*TASK*.
Here are the records. Write out exactly the lines between the one holding "Media City Lightwaves" and the one holding "Ensemble De Costumes", inclusive.

*INPUT DATA*.
[Start of Attachment]

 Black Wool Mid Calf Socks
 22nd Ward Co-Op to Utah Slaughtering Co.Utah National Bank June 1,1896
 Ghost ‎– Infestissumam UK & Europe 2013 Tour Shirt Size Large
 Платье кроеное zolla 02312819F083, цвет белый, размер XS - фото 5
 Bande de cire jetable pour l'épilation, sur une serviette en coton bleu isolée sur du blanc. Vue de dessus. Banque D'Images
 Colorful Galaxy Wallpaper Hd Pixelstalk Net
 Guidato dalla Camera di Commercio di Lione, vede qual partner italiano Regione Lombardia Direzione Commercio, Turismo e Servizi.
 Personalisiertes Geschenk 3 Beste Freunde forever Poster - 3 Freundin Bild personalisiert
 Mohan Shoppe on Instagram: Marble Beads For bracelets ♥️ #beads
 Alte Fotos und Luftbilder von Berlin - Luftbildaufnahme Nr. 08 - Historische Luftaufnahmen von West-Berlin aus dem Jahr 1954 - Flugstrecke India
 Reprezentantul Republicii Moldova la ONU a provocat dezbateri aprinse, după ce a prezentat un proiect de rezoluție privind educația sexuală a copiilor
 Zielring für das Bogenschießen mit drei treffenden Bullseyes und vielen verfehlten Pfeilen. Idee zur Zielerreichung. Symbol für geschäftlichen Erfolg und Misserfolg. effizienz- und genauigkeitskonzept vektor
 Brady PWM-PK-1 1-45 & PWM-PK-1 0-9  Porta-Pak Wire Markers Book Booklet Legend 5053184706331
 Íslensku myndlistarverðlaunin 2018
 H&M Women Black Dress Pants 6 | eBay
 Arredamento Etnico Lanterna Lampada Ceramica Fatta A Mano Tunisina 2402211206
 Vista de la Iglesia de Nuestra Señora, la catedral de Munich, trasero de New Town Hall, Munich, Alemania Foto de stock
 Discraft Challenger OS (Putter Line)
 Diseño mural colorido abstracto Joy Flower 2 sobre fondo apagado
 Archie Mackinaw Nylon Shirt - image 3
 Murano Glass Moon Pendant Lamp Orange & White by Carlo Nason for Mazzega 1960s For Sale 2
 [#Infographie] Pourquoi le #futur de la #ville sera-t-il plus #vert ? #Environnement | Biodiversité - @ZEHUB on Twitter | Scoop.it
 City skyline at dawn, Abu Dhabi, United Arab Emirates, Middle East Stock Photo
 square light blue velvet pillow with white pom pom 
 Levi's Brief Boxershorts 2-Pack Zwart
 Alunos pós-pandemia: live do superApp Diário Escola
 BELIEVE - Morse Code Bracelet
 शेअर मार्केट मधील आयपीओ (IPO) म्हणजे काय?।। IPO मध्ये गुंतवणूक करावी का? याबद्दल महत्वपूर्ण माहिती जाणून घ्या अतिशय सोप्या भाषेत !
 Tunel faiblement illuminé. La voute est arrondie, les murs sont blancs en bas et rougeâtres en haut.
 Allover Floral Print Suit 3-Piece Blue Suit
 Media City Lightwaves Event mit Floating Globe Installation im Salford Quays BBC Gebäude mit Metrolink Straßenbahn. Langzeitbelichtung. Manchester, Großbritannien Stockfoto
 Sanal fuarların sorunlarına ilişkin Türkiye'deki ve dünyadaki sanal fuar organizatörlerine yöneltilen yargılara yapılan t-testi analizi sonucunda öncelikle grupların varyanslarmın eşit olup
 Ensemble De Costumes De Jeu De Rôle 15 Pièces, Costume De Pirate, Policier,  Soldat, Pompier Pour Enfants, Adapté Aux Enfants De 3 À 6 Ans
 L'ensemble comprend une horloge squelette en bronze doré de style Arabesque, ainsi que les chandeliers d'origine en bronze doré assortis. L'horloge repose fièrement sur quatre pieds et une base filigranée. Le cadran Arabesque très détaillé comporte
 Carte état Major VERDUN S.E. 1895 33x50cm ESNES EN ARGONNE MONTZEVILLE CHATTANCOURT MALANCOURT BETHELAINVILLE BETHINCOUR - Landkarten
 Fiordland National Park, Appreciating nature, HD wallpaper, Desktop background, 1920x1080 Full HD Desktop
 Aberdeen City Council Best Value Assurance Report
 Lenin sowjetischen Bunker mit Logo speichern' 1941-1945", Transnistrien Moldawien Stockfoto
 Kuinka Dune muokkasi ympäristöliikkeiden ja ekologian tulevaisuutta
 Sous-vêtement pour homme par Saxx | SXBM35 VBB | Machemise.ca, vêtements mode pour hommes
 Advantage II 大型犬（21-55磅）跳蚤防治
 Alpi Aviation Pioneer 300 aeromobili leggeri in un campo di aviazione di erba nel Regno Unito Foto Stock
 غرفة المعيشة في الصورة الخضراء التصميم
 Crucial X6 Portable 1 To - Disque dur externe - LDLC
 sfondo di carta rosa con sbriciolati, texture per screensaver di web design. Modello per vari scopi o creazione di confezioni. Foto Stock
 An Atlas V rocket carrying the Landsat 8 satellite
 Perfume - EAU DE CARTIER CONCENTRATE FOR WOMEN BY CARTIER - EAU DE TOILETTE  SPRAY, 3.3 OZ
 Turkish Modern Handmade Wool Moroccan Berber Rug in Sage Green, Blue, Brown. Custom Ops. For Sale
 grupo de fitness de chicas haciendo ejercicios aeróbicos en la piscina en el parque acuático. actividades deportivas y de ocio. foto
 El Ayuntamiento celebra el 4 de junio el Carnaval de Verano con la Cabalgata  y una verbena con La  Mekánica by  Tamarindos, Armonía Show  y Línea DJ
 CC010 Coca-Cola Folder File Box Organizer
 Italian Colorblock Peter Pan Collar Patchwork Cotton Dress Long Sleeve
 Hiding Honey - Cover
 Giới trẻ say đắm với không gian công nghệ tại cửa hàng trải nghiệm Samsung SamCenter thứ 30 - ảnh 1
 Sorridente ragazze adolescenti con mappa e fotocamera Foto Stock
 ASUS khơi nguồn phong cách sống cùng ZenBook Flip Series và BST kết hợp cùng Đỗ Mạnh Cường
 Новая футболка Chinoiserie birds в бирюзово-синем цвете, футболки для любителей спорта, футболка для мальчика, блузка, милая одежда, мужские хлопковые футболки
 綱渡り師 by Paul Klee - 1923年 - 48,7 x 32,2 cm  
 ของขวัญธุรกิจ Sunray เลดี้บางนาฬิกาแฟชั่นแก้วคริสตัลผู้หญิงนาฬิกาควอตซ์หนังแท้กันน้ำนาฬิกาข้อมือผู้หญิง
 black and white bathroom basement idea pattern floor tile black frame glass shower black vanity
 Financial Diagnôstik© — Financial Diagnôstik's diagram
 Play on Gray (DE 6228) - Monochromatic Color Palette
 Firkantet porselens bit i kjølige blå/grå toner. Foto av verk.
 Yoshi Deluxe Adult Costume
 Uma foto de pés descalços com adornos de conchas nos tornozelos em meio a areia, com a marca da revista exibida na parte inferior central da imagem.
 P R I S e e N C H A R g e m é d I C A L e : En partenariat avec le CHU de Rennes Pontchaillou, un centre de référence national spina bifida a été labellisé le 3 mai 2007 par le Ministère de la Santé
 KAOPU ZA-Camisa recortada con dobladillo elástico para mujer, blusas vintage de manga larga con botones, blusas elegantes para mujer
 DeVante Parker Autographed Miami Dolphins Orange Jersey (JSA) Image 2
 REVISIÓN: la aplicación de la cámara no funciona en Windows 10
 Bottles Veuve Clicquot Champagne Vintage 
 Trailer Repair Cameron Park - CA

[End of Attachment]

*RESPONSE TO THIS EXERCISE*.
 Media City Lightwaves Event mit Floating Globe Installation im Salford Quays BBC Gebäude mit Metrolink Straßenbahn. Langzeitbelichtung. Manchester, Großbritannien Stockfoto
 Sanal fuarların sorunlarına ilişkin Türkiye'deki ve dünyadaki sanal fuar organizatörlerine yöneltilen yargılara yapılan t-testi analizi sonucunda öncelikle grupların varyanslarmın eşit olup
 Ensemble De Costumes De Jeu De Rôle 15 Pièces, Costume De Pirate, Policier,  Soldat, Pompier Pour Enfants, Adapté Aux Enfants De 3 À 6 Ans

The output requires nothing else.